I'm doing fine. Gearing up for prettying up my front porch with flowers.
Still active in AA. Once a month I go with some AA friends and hold a meeting for the women's correctional center. Makes me so grateful for my sobriety. Plus I'm the chair for Intergroup, and talk about personalities before principles. lol Those meetings can get pretty rowdy. And some of the attendees keep forgetting that we're all about reaching out to the alcoholic who still suffers.
"Why would you ruin perfectly good peanuts by adding candy corn? That's like saying hey, I have these awesome nachos, guess I better add some dryer lint." - Nonny
I am 99% sure my H is still drinking. I've gotten utterly frustrated with the lying more than the drinking. Dude, we've been married almost ten freaking years. I know when you've been drinking. I just don't know why I can't and haven't pulled the trigger on leaving. He seems hell bent on destroying himself. People ask me if we're ever going to have another kid. I have a hard time not busting out laughing - I already single parent our one kid, and basically have to parent a grown ass adult who acts like a teenager.
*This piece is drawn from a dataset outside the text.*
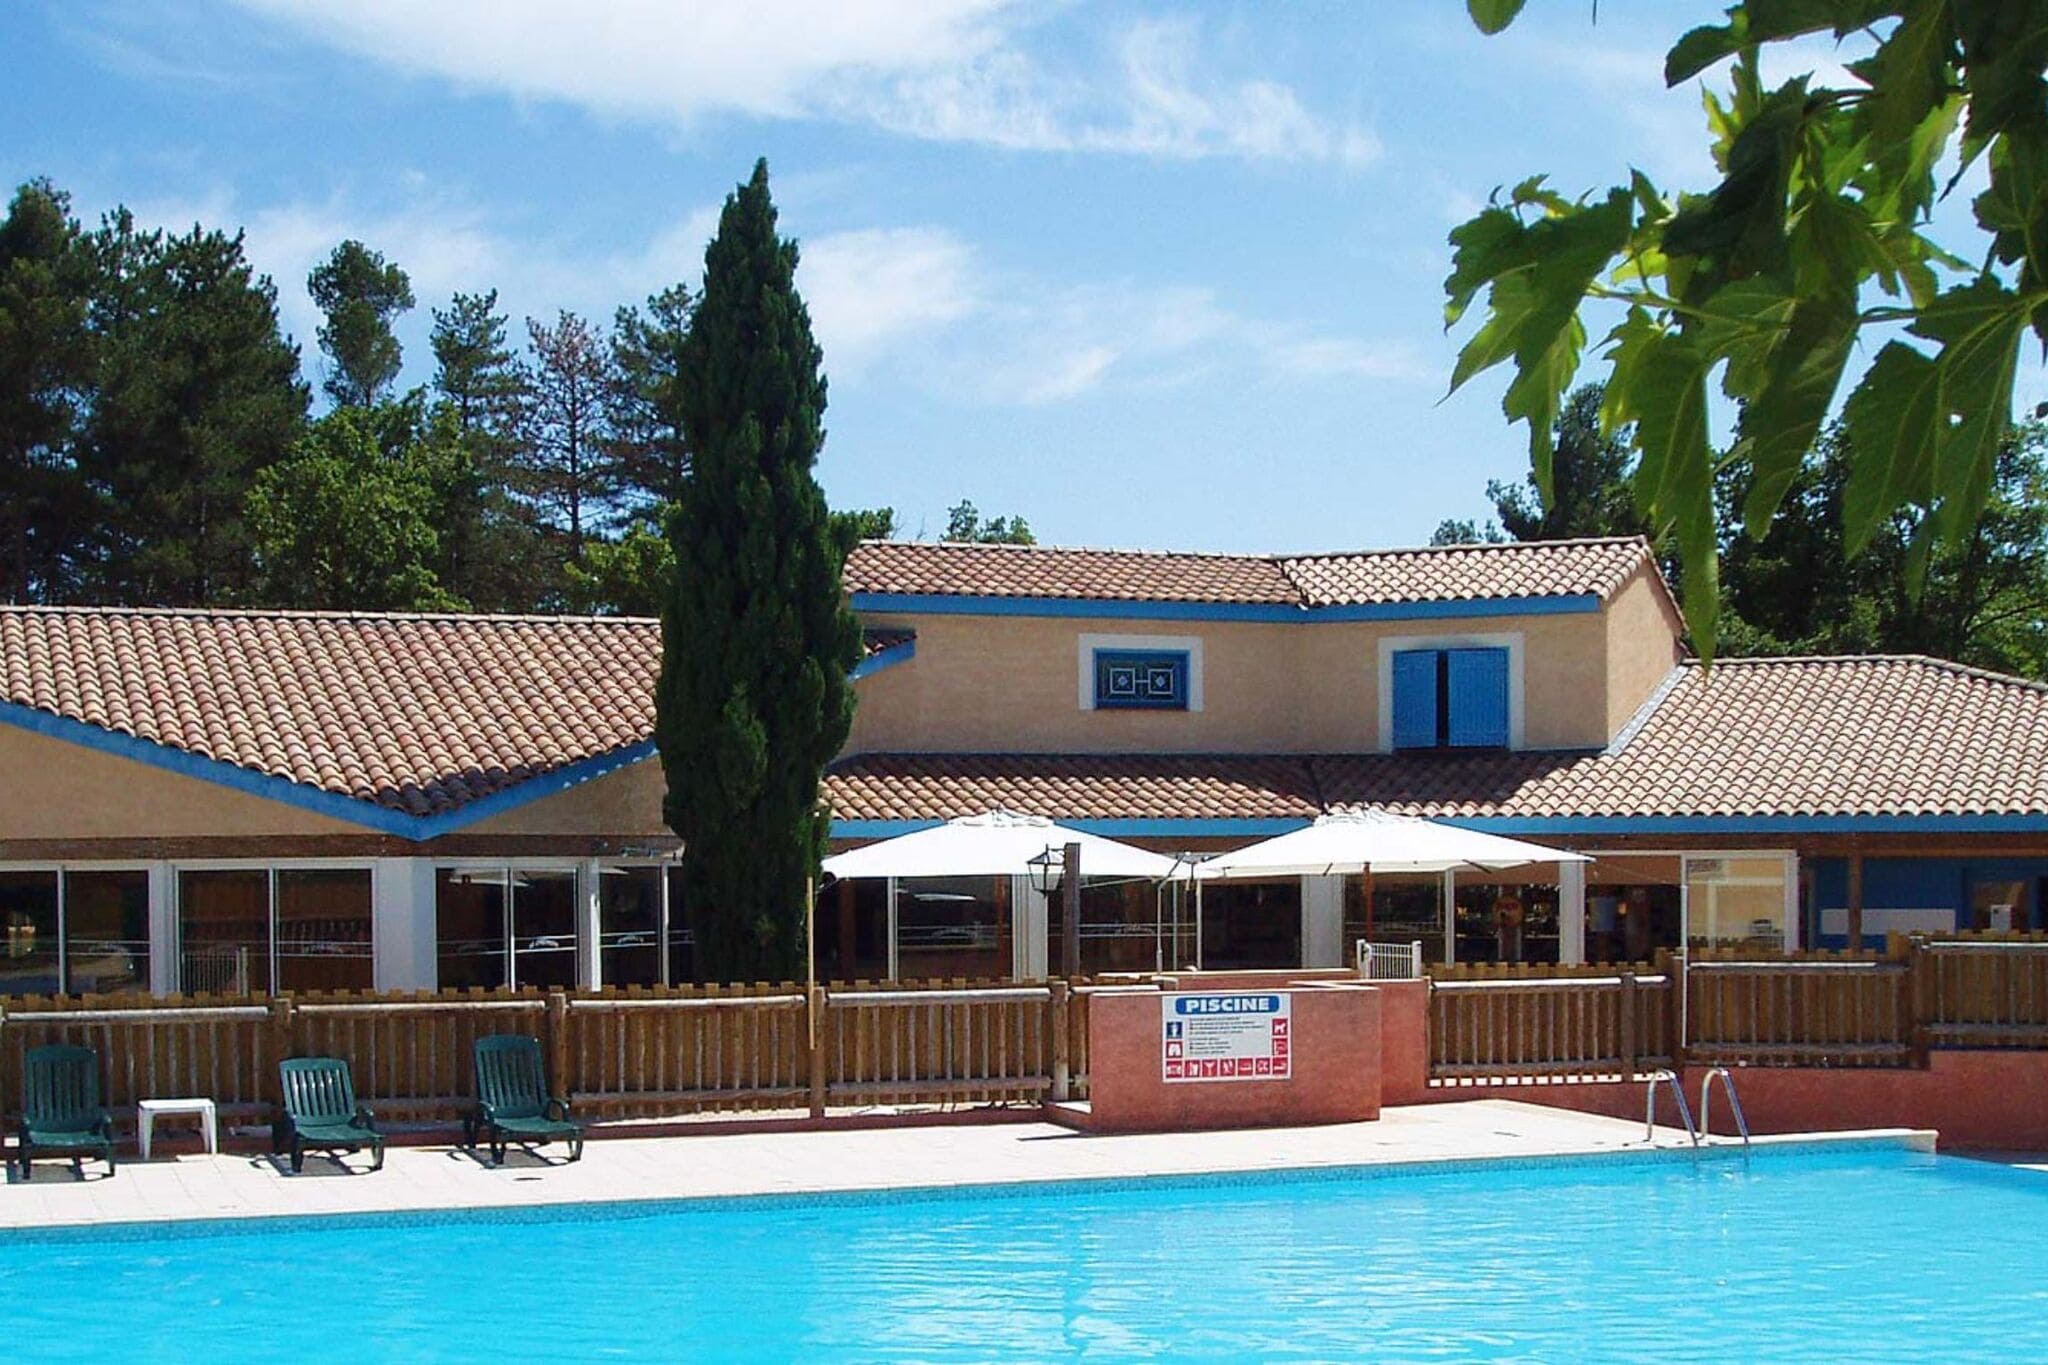 Maisonnette de style provençal avec grande piscine commune

I'm still working on my fitness. I haven't been very "good" lately. It's been at least two weeks since I've done any exercising, and my diet has been...well, shit. My birthday was yesterday, and I took the 'calories don't count' on your birthday thing way too far. I felt kind of sick when I went to bed last night. So I need to get back on track. I'm undoing all my hard work from the last year, and I'm frustrated with myself for it.
Post by lexxasaurus on May 11, 2016 12:30:35 GMT -5
I don't really know how I'm doing. I suppose things are looking up for now. I went through a rough patch where I was hit with a few thousand dollars in bills unexpectedly and I was in this weird apathetic place, and I got to the point of being suicidal briefly. I wasn't going to actively plan. And I wasn't going to do anything, I just didn't want to wake up anymore. A raise came at the perfect time, so I feel like I might be able to stay afloat but I'm definitely still struggling. It's very up-and-down right now, and I just want to feel normal. I know I will get things under control and I keep holding on to that fact.
Aw, lexxasaurus, that sucks. Money stuff is THE WORST. I am sorry you went through such rough feelings - please, please feel free to reach out to me here or on FB if you need to vent/chat. I understand money issues, believe me.
Aw, lexxasaurus, that sucks. Money stuff is THE WORST. I am sorry you went through such rough feelings - please, please feel free to reach out to me here or on FB if you need to vent/chat. I understand money issues, believe me.
I may take you up on the FB chat. I don't want to drag down conversations, but sometimes I just need someone to commiserate and tell me it's going to be okay because it doesn't always feel like it.
I am starting to feel better, I really am, but I hate struggling so bad some days. Mental illness is a dick, lol.
Oh please please please don't ever feel like you'd be dragging anyone down here if you do want to chat on the board! That's what this board is here for. Everyone wants to help you and boost you up
I'm sorry you're having such a difficult go, lexxasaurus. Totally understand that you wouldn't want to talk details, but PM's are always good, if you want to vent. Hoping that raise (congratulations!!!) will help pull you up. Let any of us know if we can help. Praying for better days.
Update: I'm consumed with my new little grandson born May 3. He's so adorable. He's a week old already. Where does the time go? haha. I've been spending some time with my daughter in Denver most days. Did I mention that driving in Denver is the world's worst? But there is a sweet little prize when I get to her house. I love him so much already.